Biostrome communities and mercury and selenium bioaccumulation in the Great Salt Lake (Utah, USA)
Science of the Total Environment
The Great Salt Lake has a salinity near 150 g/L and is habitat for over 200 species of migratory birds. The diet of many of these birds is dependent on the food web of carbonaceous biostromes (stromatolites) that cover 260 km(2) of the lake's littoral zone. We investigated the biostrome community to understand their production processes and to assess whether they are a potential vector for bioconcentration of high mercury and selenium levels in the lake. The periphyton community of the biostromes was >99% colonial cyanobacteria. Periphyton chlorophyll levels averaged 900 mg m(-2) or nine times that of the lake's phytoplankton. Lake-wide estimates of chlorophyll suggest that their production is about 30% of that of the phytoplankton. Brine fly (Ephydra gracilis) larval densities on the biostromes increased from 7000 m(-2) in June to 20000m(-2) in December.

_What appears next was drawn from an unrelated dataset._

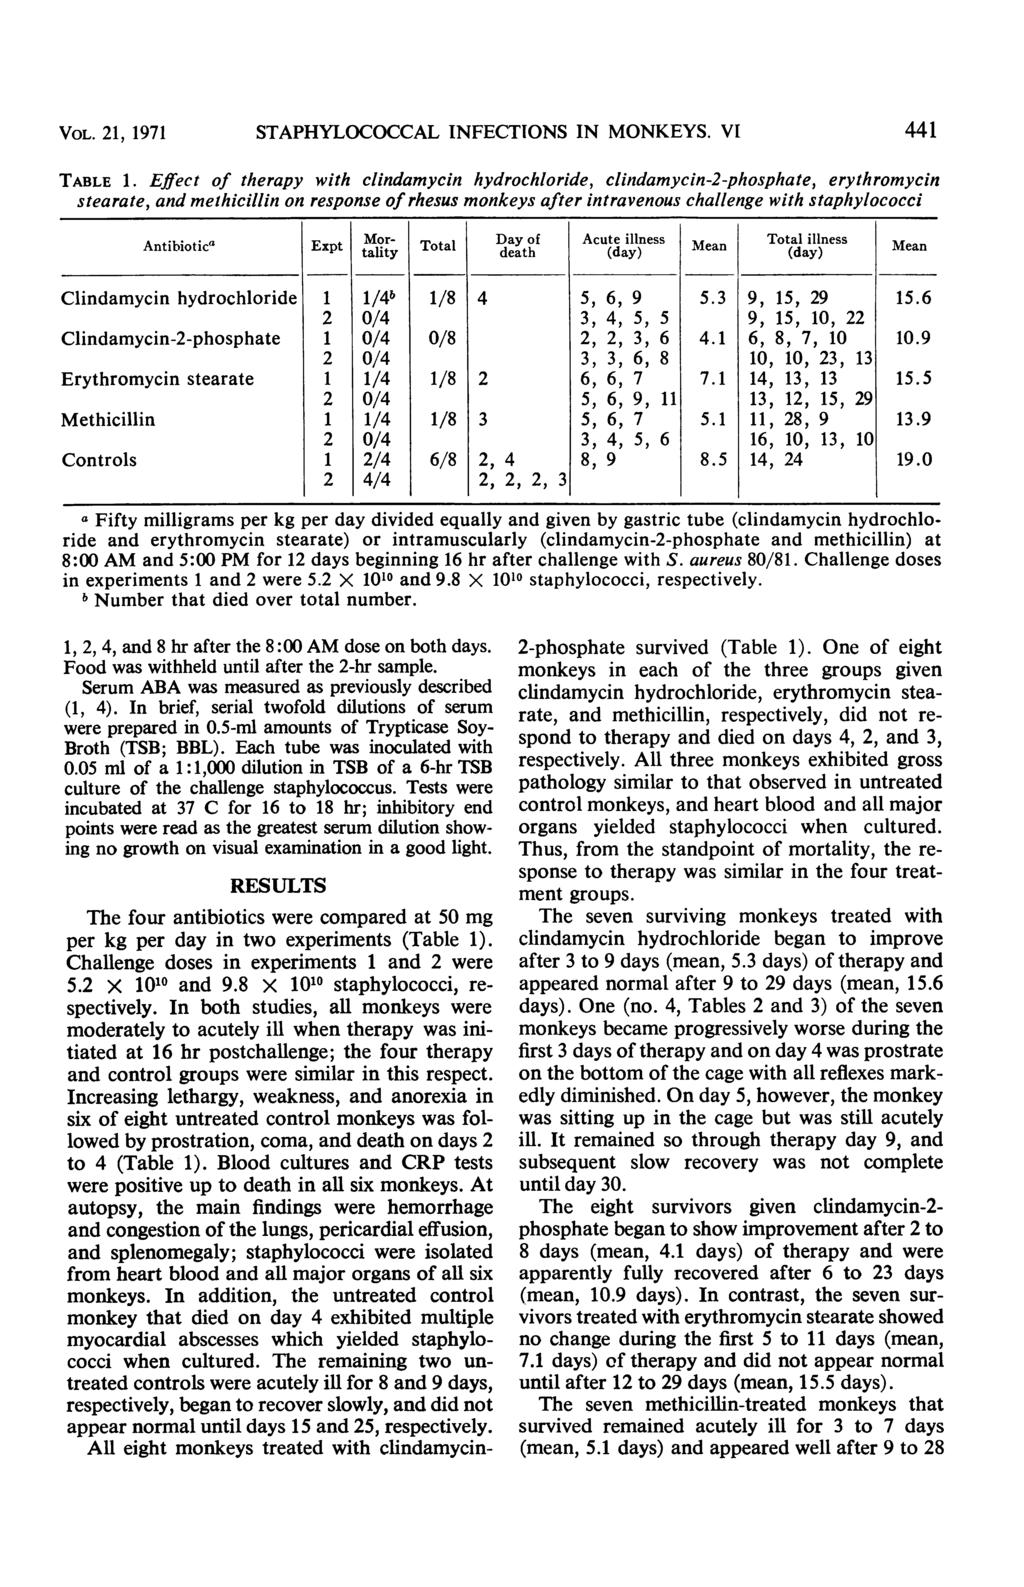 VOL. 21, 1971 STAPHYLOCOCCAL INFECTIONS IN MONKEYS. VI 441 TABLE 1.

Pupation and adult emergence halted in October and larvae of various instars overwintered at temperatures <5°C. Mean total dissolved and dissolved methyl mercury concentrations in water were 5.0 and 1.2 ηg L(-1). Total mercury concentrations in the periphyton, fly larvae, pupae, and adults were, respectively, 152, 189, 379 and 659 ηg g(-1) dry weight, suggesting that bioconcentration is only moderate in the short food web and through fly developmental stages. However, common goldeneye ducks (Bucephala clangula) that feed primarily on brine fly larvae at the Great Salt Lake had concentrations near 8000 ηg Hg g(-1) dry weight in muscle tissue. Data from a previous study indicated that selenium concentrations in periphyton, brine fly larvae and goldeneye liver tissue were high (1700, 1200 and 24,000 ηg g(-1), respectively) and Hg:Se molar ratios were <1.0 in all tissues, suggesting that the high mercury concentration in the ducks may be partially detoxified by combining with selenium. The study demonstrated that the high mercury levels in the Great Salt Lake are routed through the biostrome community resulting in invertebrate prey that may provide health risks for birds and humans that consume them.
Wurtsbaugh, W.A., J. Gardberg and C. Izdepski. 2011. Biostrome communities and mercury and selenium bioaccumulation in the Great Salt Lake (Utah, USA). Science of the Total Environment 409: 4425–4434.